A fast workaround is to replace in ::wibble::process:

  # Flush the outgoing buffer.
  chan flush $socket

with:

  # Flush the outgoing buffer.
  if {[dict exists $request header connection] &&
    [dict get $request header connection] eq "close"} {
      chan close $socket
      break
  } else {
    chan flush $socket
  }

AMG: Fast workaround? That's more like a complete solution! I dropped it straight into my development version of Wibble, and it worked perfectly. It fixed a bug I just noticed when streaming music to Winamp: Winamp hangs at the end of each song, waiting for the server to close the connection.

AMG: I wound up implementing this a bit differently. Now [defaultsend] returns false on Connection: Close, which causes [process] to terminate the connection. A custom sendcommand should do similar.

Content type

AMG: The Wibble static file server doesn't send Content-Type:, so the client has to guess. (Internet Explorer second-guesses the text/plain Content-Type: anyway.) I think a contenttype zone handler might be able to fill the gap, but I'm not sure what heuristics it should use to detect the type.

makr (2009-11-19): A pure-Tcl solution could employ fumagic (fileutil::magic). tmag on the other hand is an extension built on top of libmagic (only available for Unix so far).
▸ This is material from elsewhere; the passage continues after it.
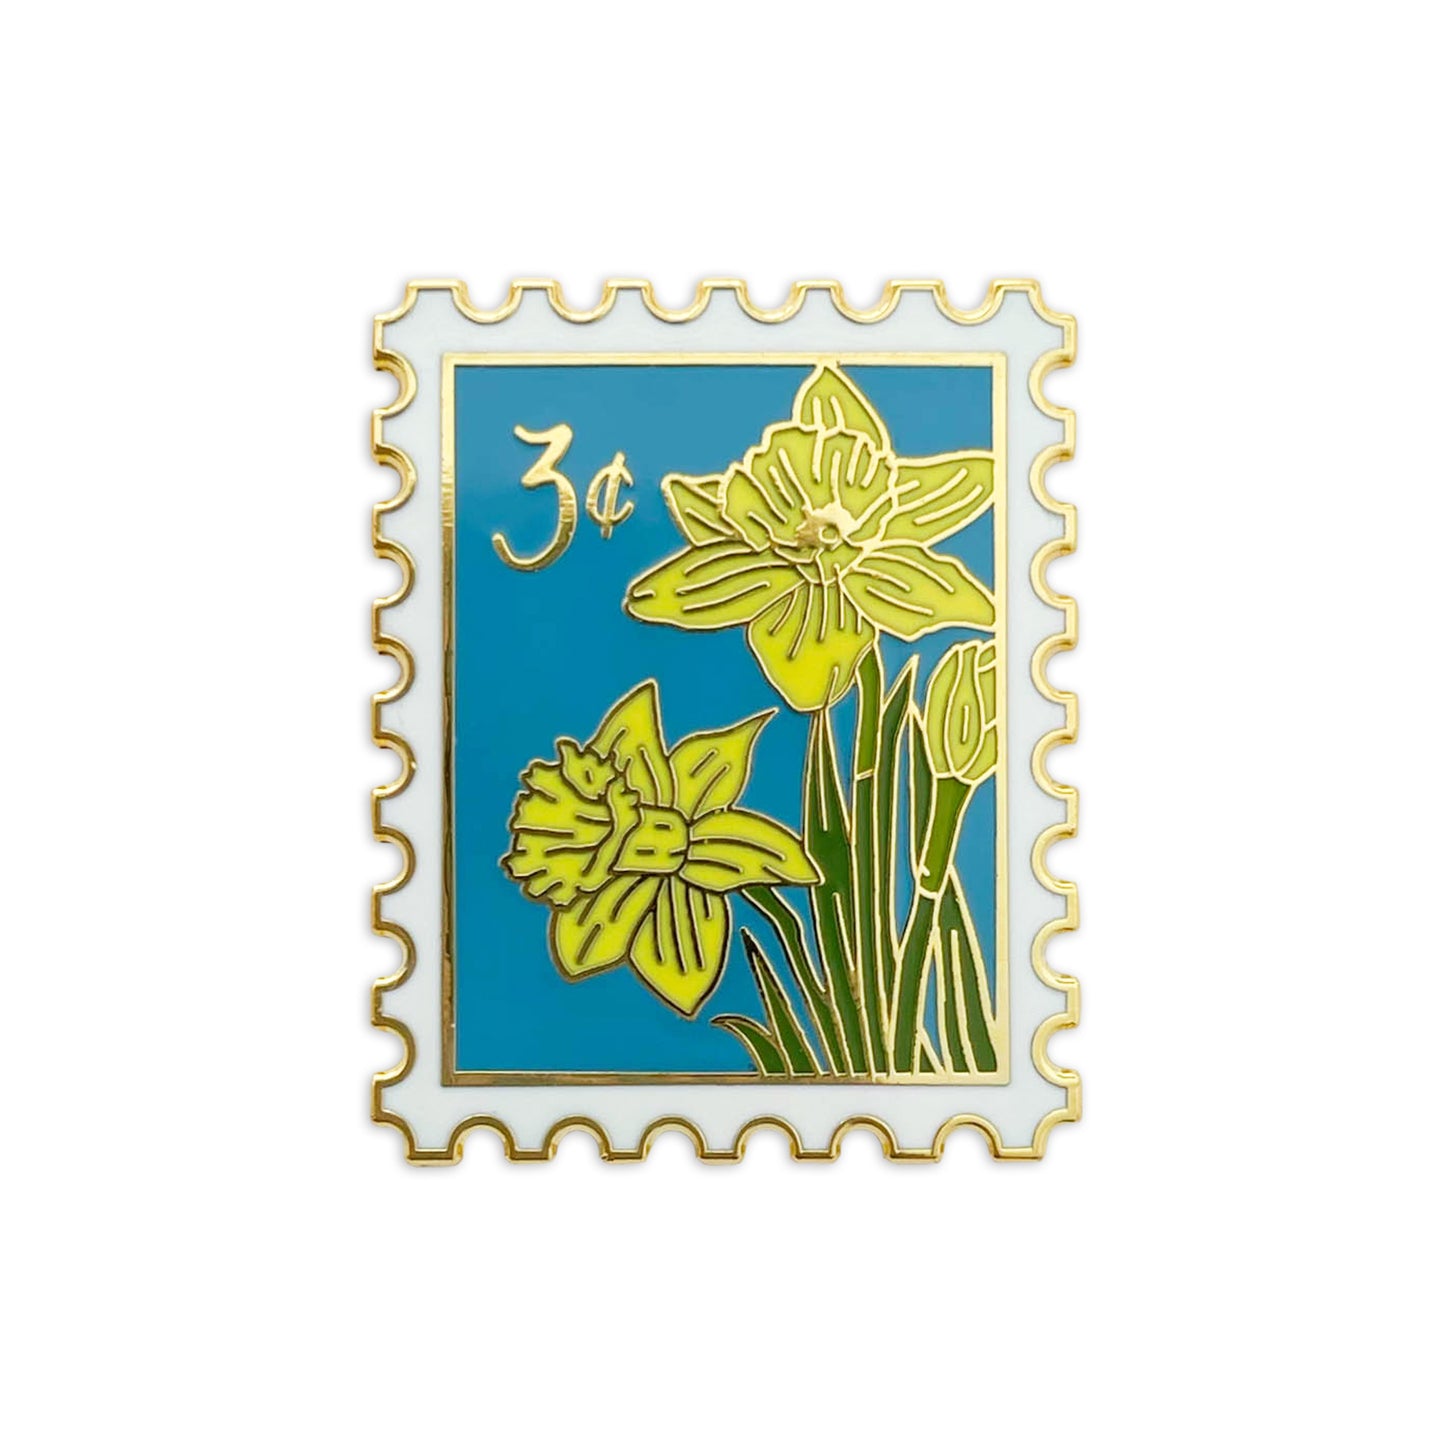 Daffodil (March) Birth Month Enamel Pin
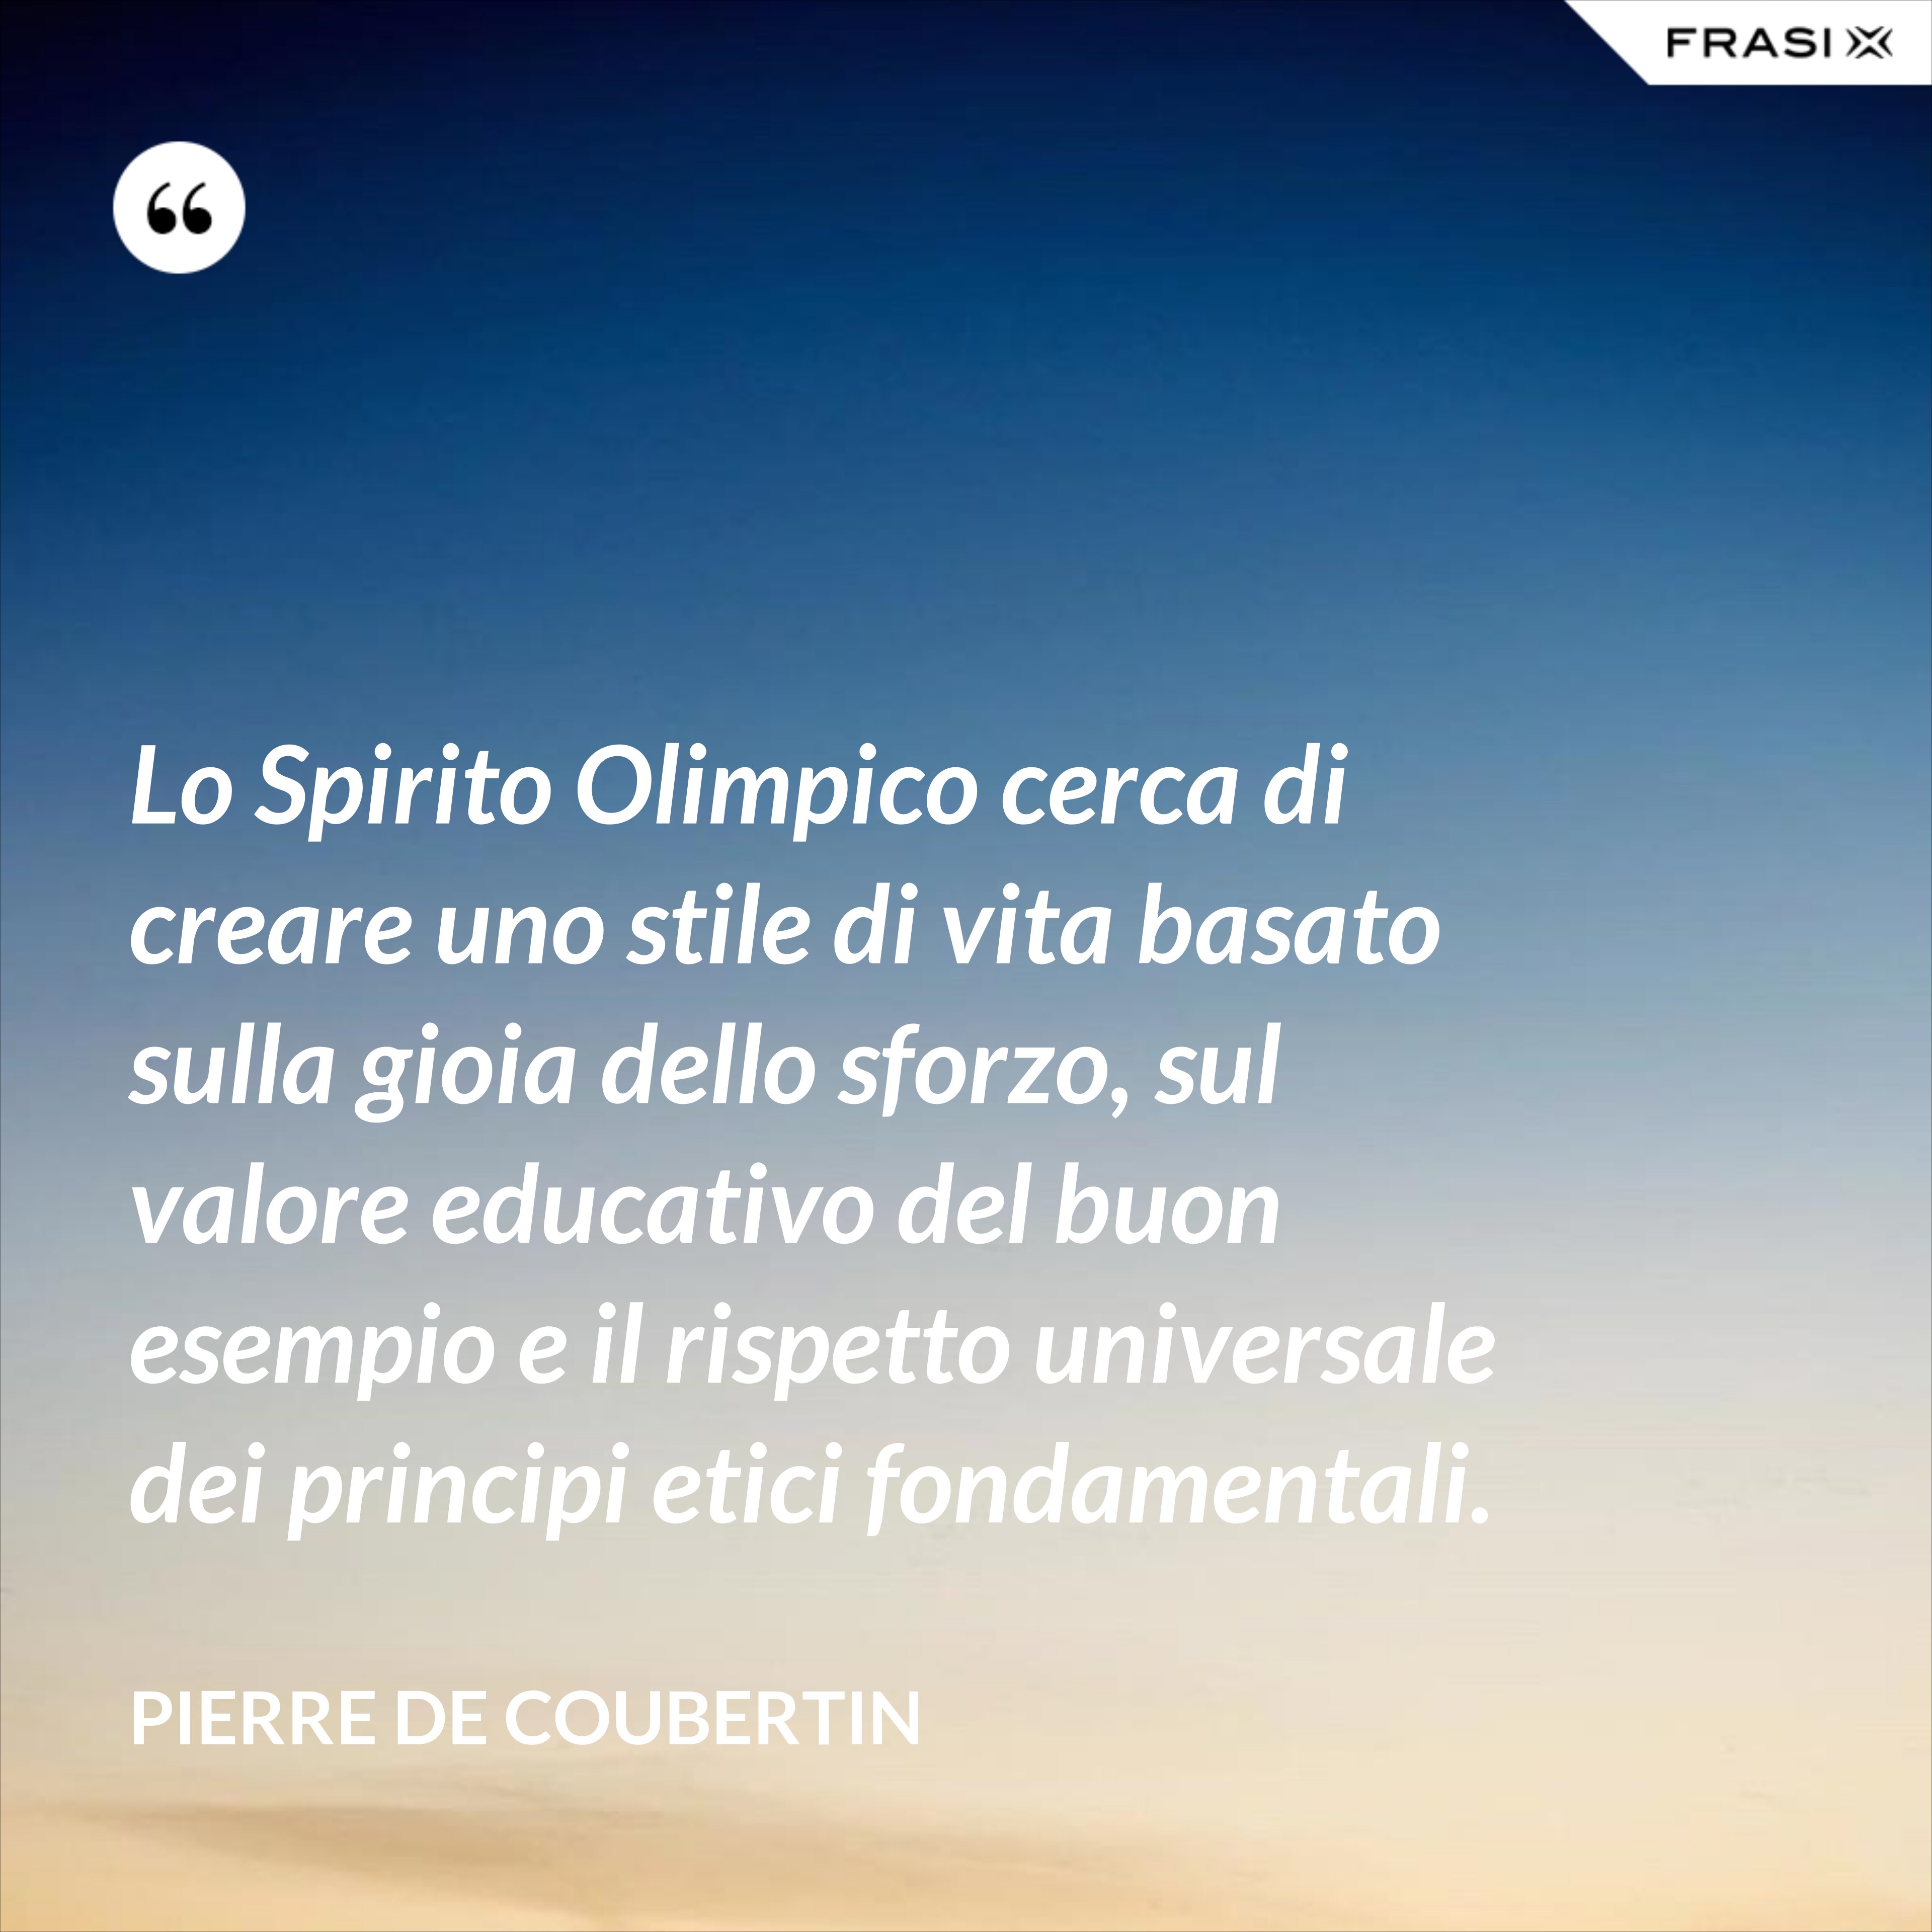 Lo Spirito Olimpico cerca di creare uno stile di vita basato sulla gioia dello sforzo, sul valore educativo del buon esempio e il rispetto universale dei principi etici fondamentali. - Pierre de Coubertin

AMG: Sounds good, thanks for the pointer. So that's two possible approaches, and I can think of a third one: file extension matching. Since zones stack, it's possible (but untested) to override contenttype (or its arguments) for individual files, by declaring single-file zones. Anyway, I might try implementing all three, once I have made a separate Wiki page for extra zone handlers.

AMG, 2010-11-06: Now I have the separate Wiki page! See Wibble zone handlers.

AMG, 2011-04-25: I made a cheesy content-type zone handler that operates by matching the file extension present in the request URI. It does this for all requests (in its zone), even those that ultimately turn out to be 404'ed, etc. It simply sets the content-type response header and passes on to the next zone handler. The trouble is that the current published version of Wibble has a bug that causes the zone handlers to ignore an inherited response dictionary. It's a really easy fix, but I haven't gotten around to publishing it yet. I was hoping to move to Fossil before the next published version (see [L5 ]), but I'm not getting the support I need in order to make that happen. Eventually I'll just bite the bullet and make another release on this wiki, even though that means more work for me in the future when (if) I move to a "proper" revision control system.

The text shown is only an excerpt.